1 | initial version |
1 - Not sure why that is happening, but here are a few possibilities:
OpenCV's Mat deals automatically with memory allocation so you don't have to do it yourself. The reason why it is working when you replace vector for Mat is because of that automatic memory handling that is going on. Make sure your Mat M is of type CV_64F to match your vector<double>.

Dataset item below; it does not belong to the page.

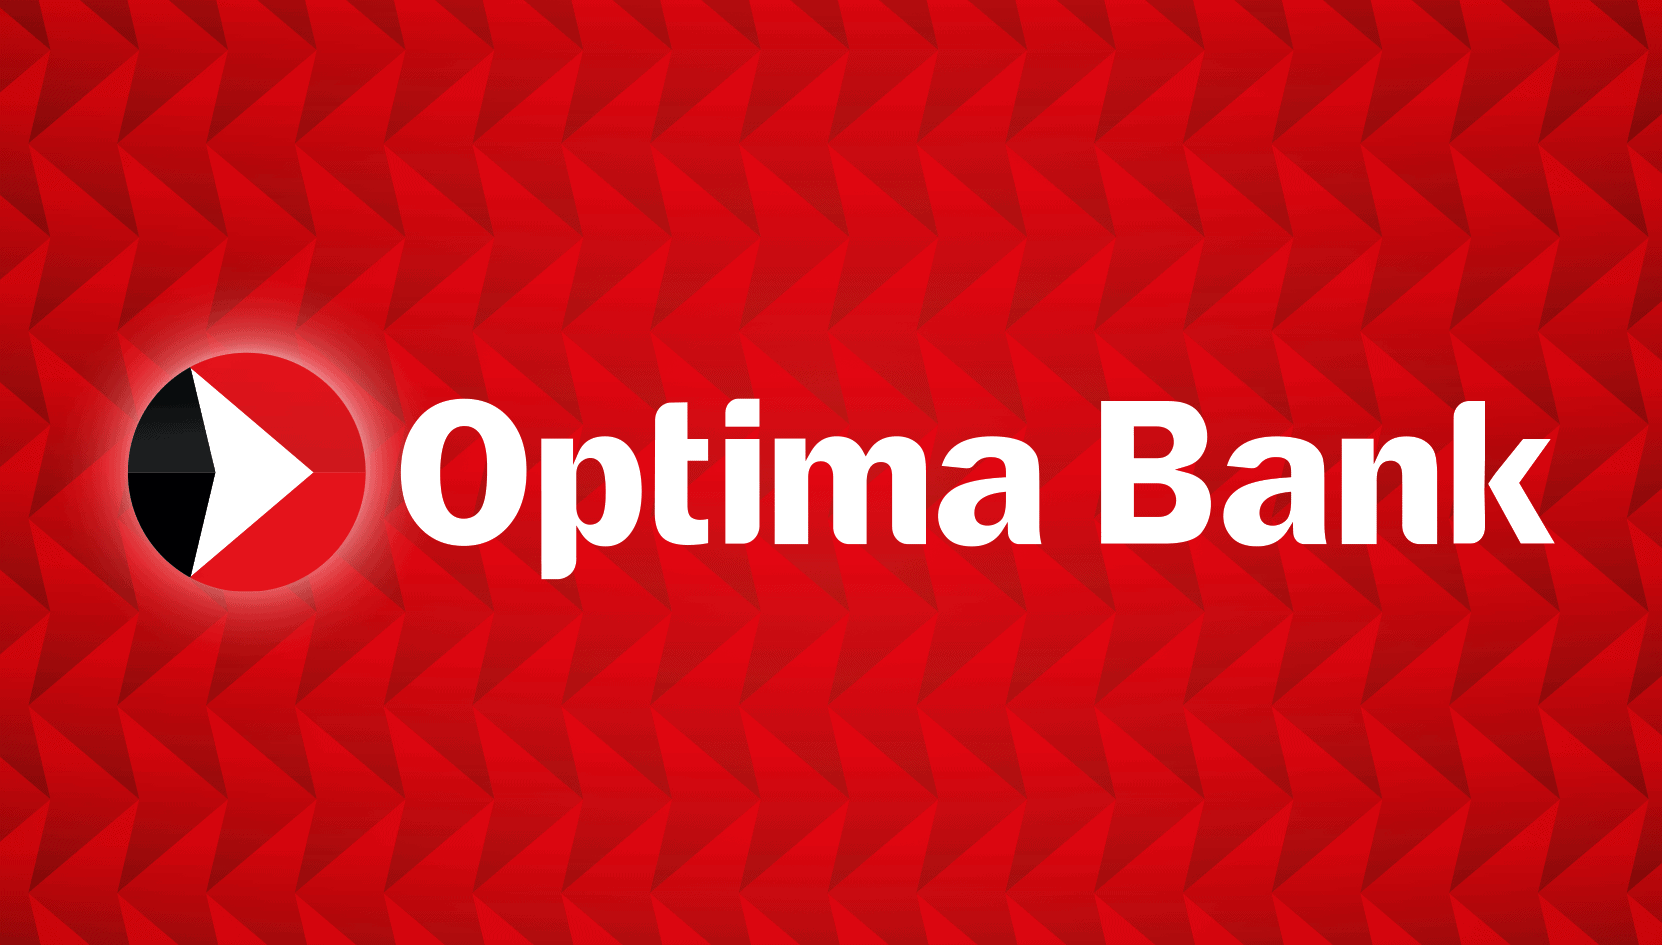 Официальное обращение «Оптима Банка» изображение публикации

OpenCV stores pixels in memory in form of a 1D array (not 2D). So, a cv::Mat is actually a very big row that is later handled in a way to mimic a 2-D array. It is likely that Mat::col() operator returns a non-continuous Mat, so the behaviour when trying to copy it into a std::vector is undefined. Verify if M.isContinuous() returns true. If it doesn't, you can make it continuous by calling M = M.clone() (which creates a new space on memory for Mat).
2 - Yes, if you want to convert mat to make it "visualizable" you must normalize it before converting. In a Mat of CV_64F type, any value above 255 will stay 255 when you convert it to 8-Bit. So, you need to call cv::normalize(Source, Destination, 0, 255, CV_MINMAX). This will transform Mat so that all values are between 0 and 255. Then you can transform it into 8-bit and visualize it.
3 - I've never compared, but I believe there is no difference in processing a vector or a Mat. As I wrote before, a cv::Mat is just a big array. Nothing like making the real tests though.